**WHAT YOU NEED TO DO:** There should be no pictures in your answer, only an exact copy of the lines from the one with "- ФОТОРЕПОРТАЖ, фото-37" through the end of the material.

**INFORMATION SUPPLIED:**
..........

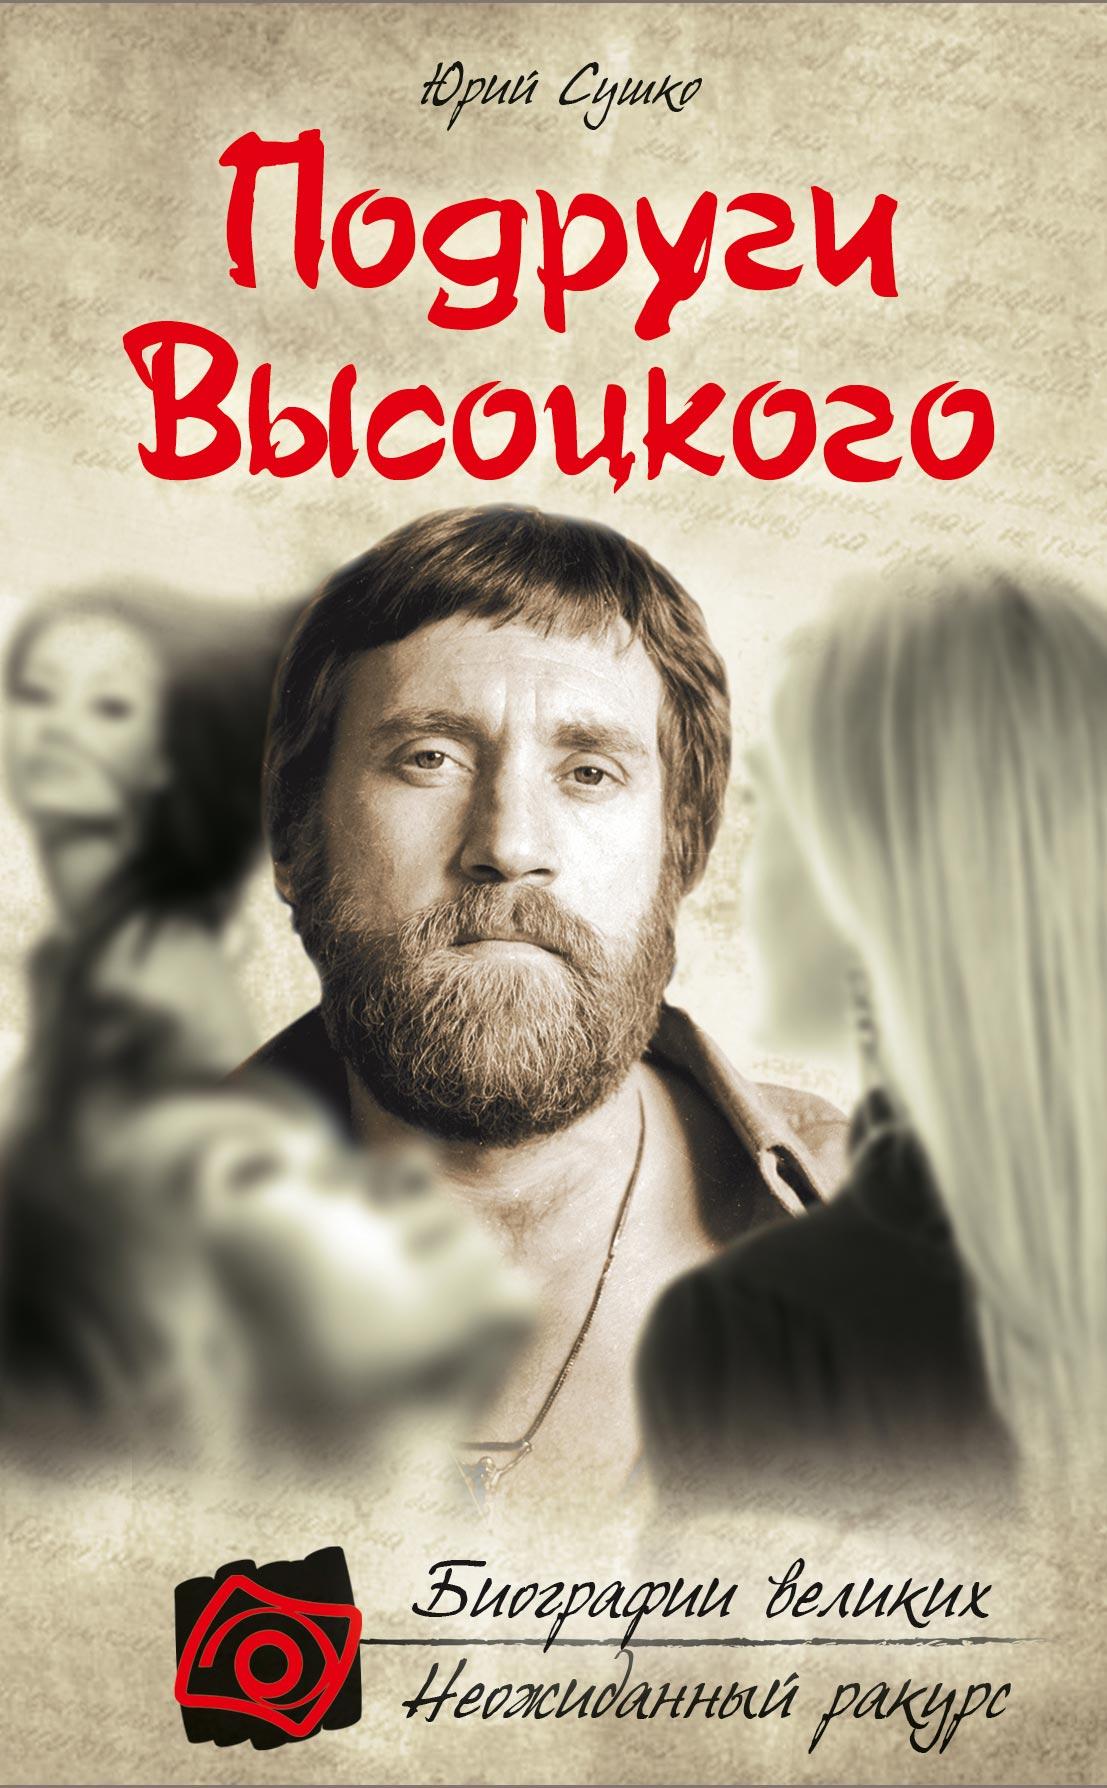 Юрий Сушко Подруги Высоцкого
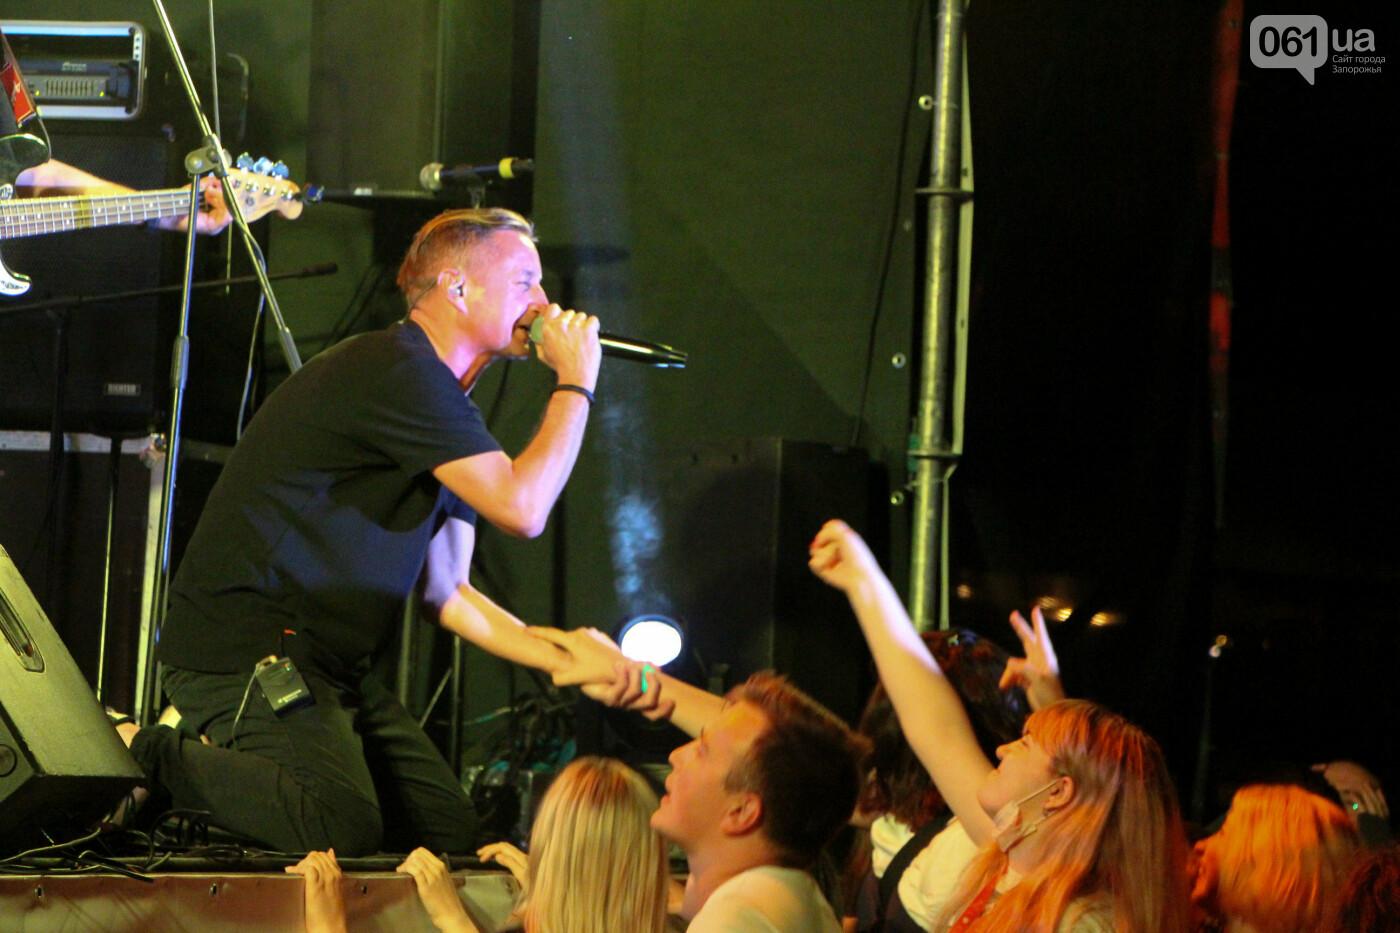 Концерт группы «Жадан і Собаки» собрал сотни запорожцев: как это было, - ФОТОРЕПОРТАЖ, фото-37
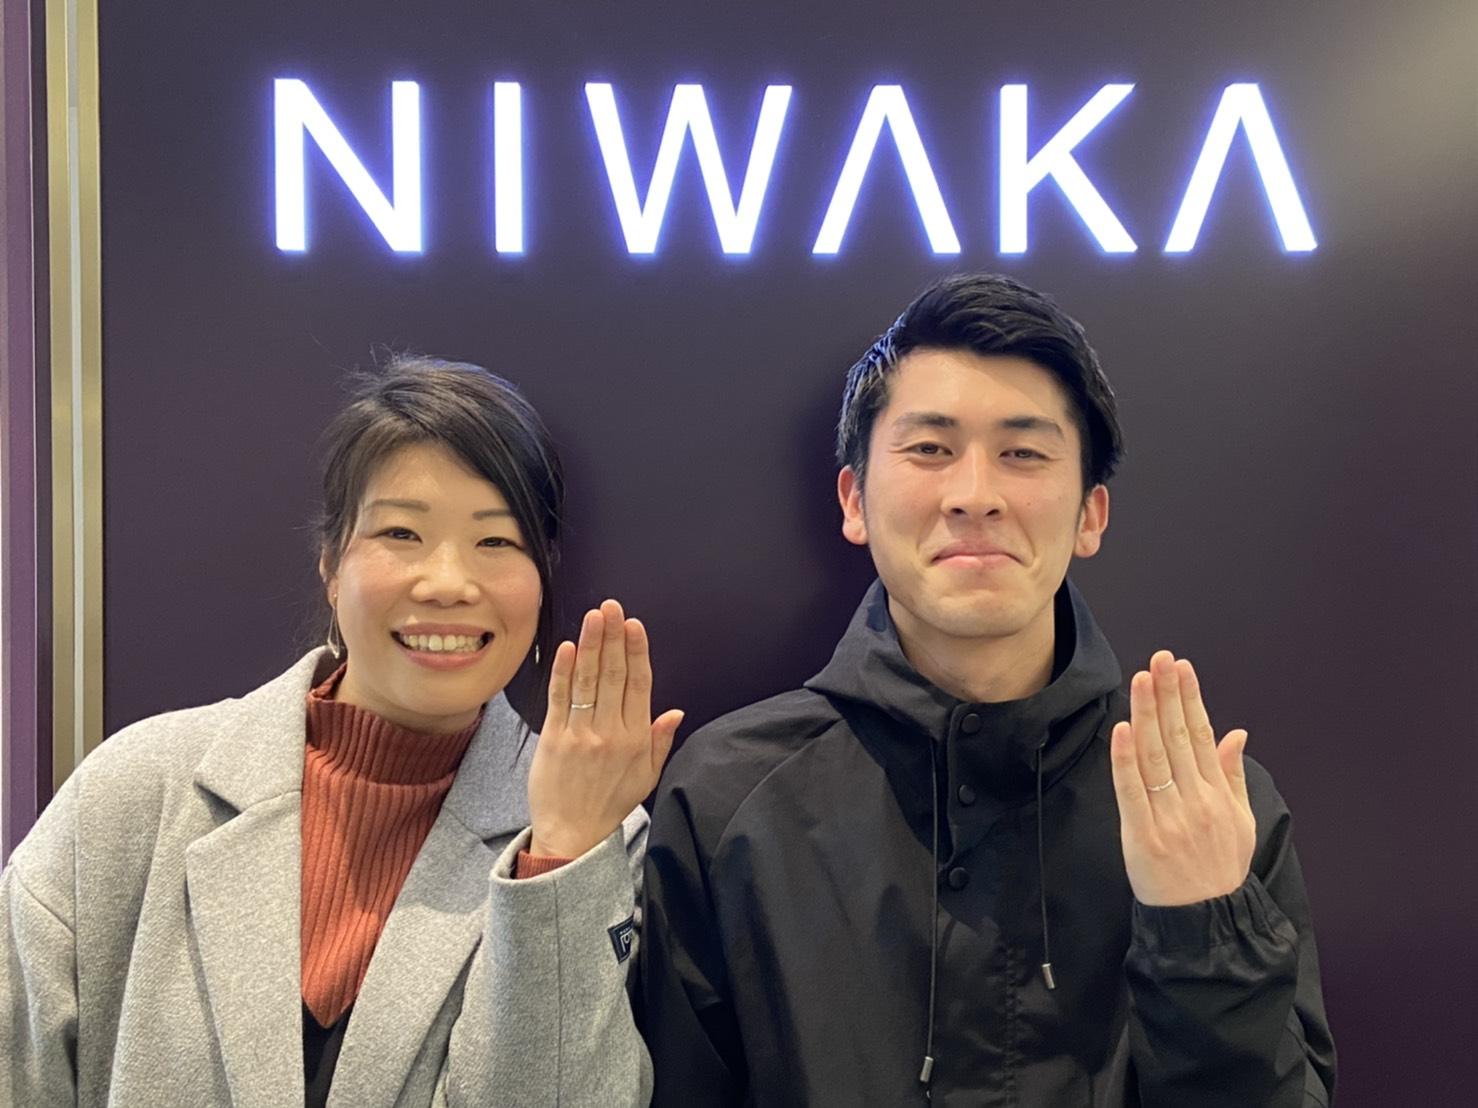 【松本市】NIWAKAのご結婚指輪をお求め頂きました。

..........

**TASK OUTPUT:**
 Концерт группы «Жадан і Собаки» собрал сотни запорожцев: как это было, - ФОТОРЕПОРТАЖ, фото-37
 【松本市】NIWAKAのご結婚指輪をお求め頂きました。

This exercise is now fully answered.